The HBase AssignmentManager is a core component of the HBase master that 
manages the lifecycle of regions across a cluster of RegionServers. It 
coordinates region assignment, unassignment, moves, and reopens; handles 
RegionServer crashes through the ServerCrashProcedure (SCP); and recovers its 
own state after a master crash through a durable procedure store. The 
correctness of these interactions is critical. Bugs can cause data loss (double 
assignment / split-brain writes), data unavailability (lost or stuck regions), 
or cluster hangs (deadlocked procedures).

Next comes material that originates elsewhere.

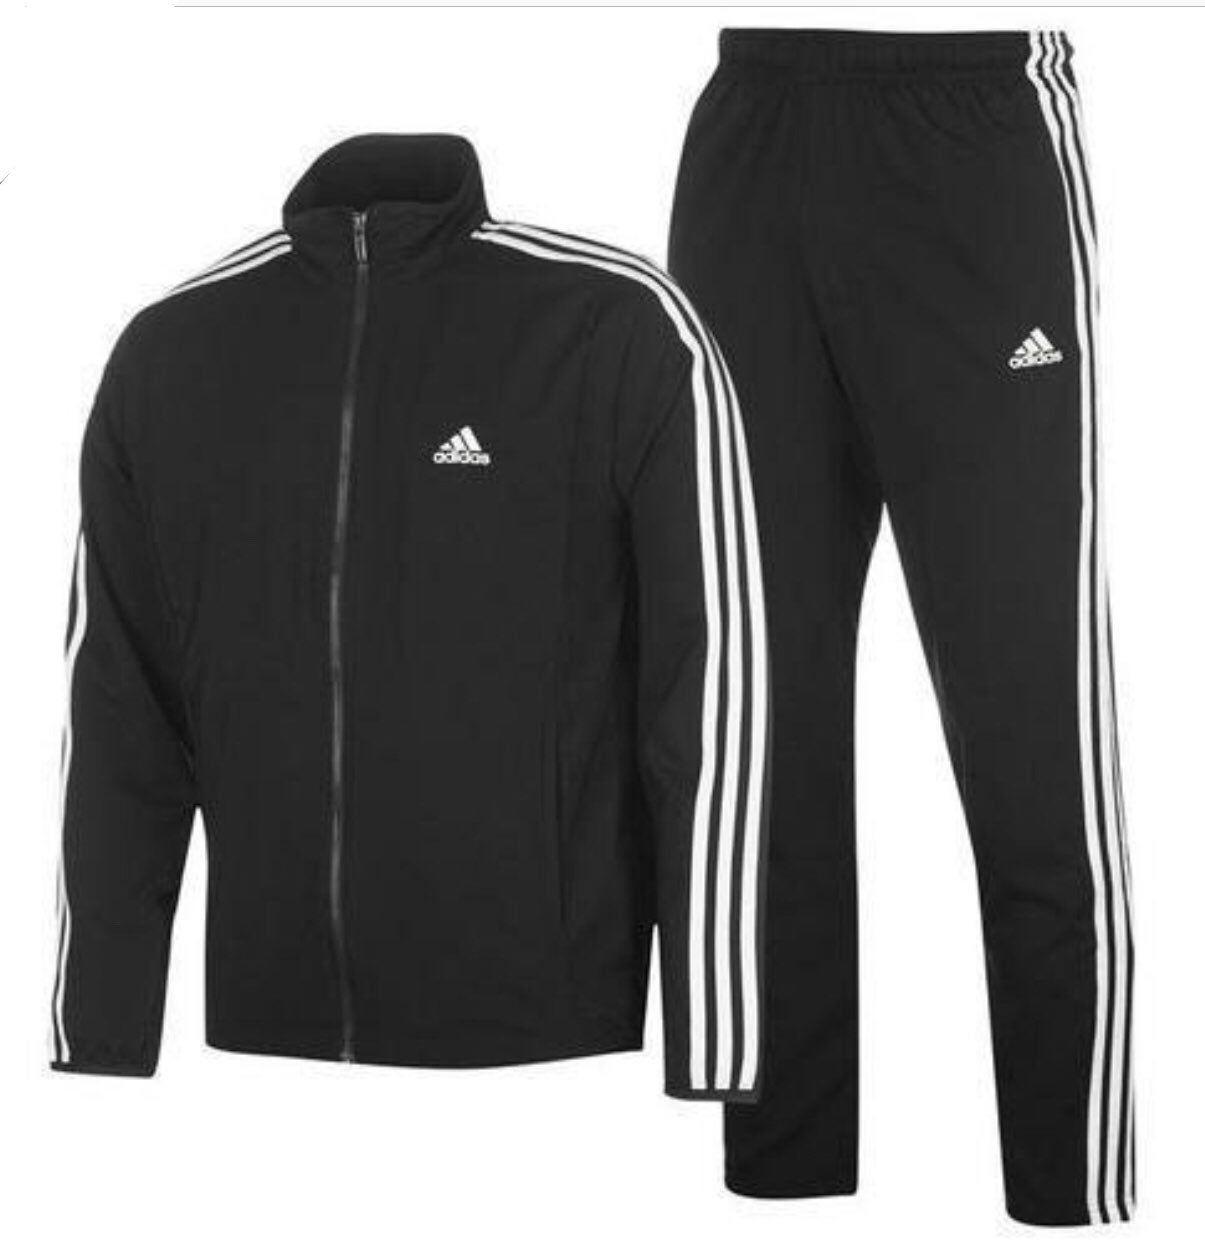 adidas Trainingsjacke 140 Hose Sport Jacke ,T Shirt H 96 wie

This TLA+ specification models the AssignmentManager as a state machine with 20 
state variables capturing:

* Region lifecycle: In-memory master state (regionState) and persistent 
hbase:meta state (metaTable), tracking regions through OFFLINE → OPENING → OPEN 
→ CLOSING → CLOSED (and the failure states FAILED_OPEN and ABNORMALLY_CLOSED).
* Asynchronous RPC channels: master-to-RS commands (dispatchedOps) and 
RS-to-master transition reports (pendingReports), modeled as sets of records 
with non-deterministic delivery.
* Procedure state: Inlined into region state records (type, step, target 
server, retry count), with a durable procedure store (procStore) that survives 
master crashes.
* Server liveness: Per-server online/crashed state, ZooKeeper ephemeral nodes, 
and WAL fencing state.
* Crash recovery: Multi-step ServerCrashProcedure (detect → assign meta → 
snapshot regions → fence WALs → reassign) and master crash/recovery (volatile 
state lost, durable state replayed).
* PEWorker thread pool: Available worker count (availableWorkers), async 
suspension (suspendedOnMeta), and sync blocking (blockedOnMeta) when hbase:meta 
is unavailable during SCP meta-reassignment.
* Keyspace infrastructure: Per-region key range (regionKeyRange) mapping each 
region to a [startKey, endKey) interval or NoRange for unused identifiers. 
DeployedRegions tile [0, MaxKey) at Init; unused identifiers are available for 
future split/merge.
* Parent-child procedure framework: Per-region parentProc record tracking 
parent procedure type and step (split or merge), persists across child TRSP 
lifecycles and survives master crash.
* Table identity infrastructure: Per-region regionTable tracking which table a 
region belongs to, with guard predicates (NoTableExclusiveLock, TableLockFree) 
and an invariant (TableLockExclusivity) to ensure exclusive table-level locks 
prevent concurrent region-level operations on the same table.
* Split procedure: Modeled through the parent-child framework.
* Merge procedure: Modeled through the parent-child framework.
* CreateTable procedure: Modeled through the parent-child framework.
* DeleteTable procedure: DeleteTableProcedure modeled with two actions: 
DeleteTablePrepare(t) acquires exclusive table lock on all regions and prepares 
the delete; DeleteTableDone(t) atomically executes it.
* TruncateTable procedure: TruncateTableProcedure modeled with four actions: 
TruncatePrepare(t) acquires exclusive table lock on all regions and prepares 
the operation; TruncateDeleteMeta(t,r) deletes the old regions from hbase:meta; 
TruncateCreateMeta(t, r) creates a new region and adds it to hbase:meta; and 
TruncateDone(t) completes the operation.

The specification defines 34 safety invariants verified at every reachable 
state, including the NoDoubleAssignment (no region writable on two servers), 
MetaConsistency (persistent and in-memory state agree), FencingOrder (WALs 
fenced before reassignment), NoLostRegions (no region stuck without a procedure 
after crash recovery), NoPEWorkerDeadlock (thread pool exhaustion detection), 
KeyspaceCoverage (all keys covered by exactly one live region), 
SplitMergeMutualExclusion (split daughters and merged regions cannot have 
active parent procedures), AtMostOneCarryingMeta (at most one server carrying 
meta), MergeCompleteness (completed merge has cleaned-up targets), 
TableLockExclusivity (exclusive table locks prevent concurrent region ops on 
the same table), and others specific to how things are modeled in the spec.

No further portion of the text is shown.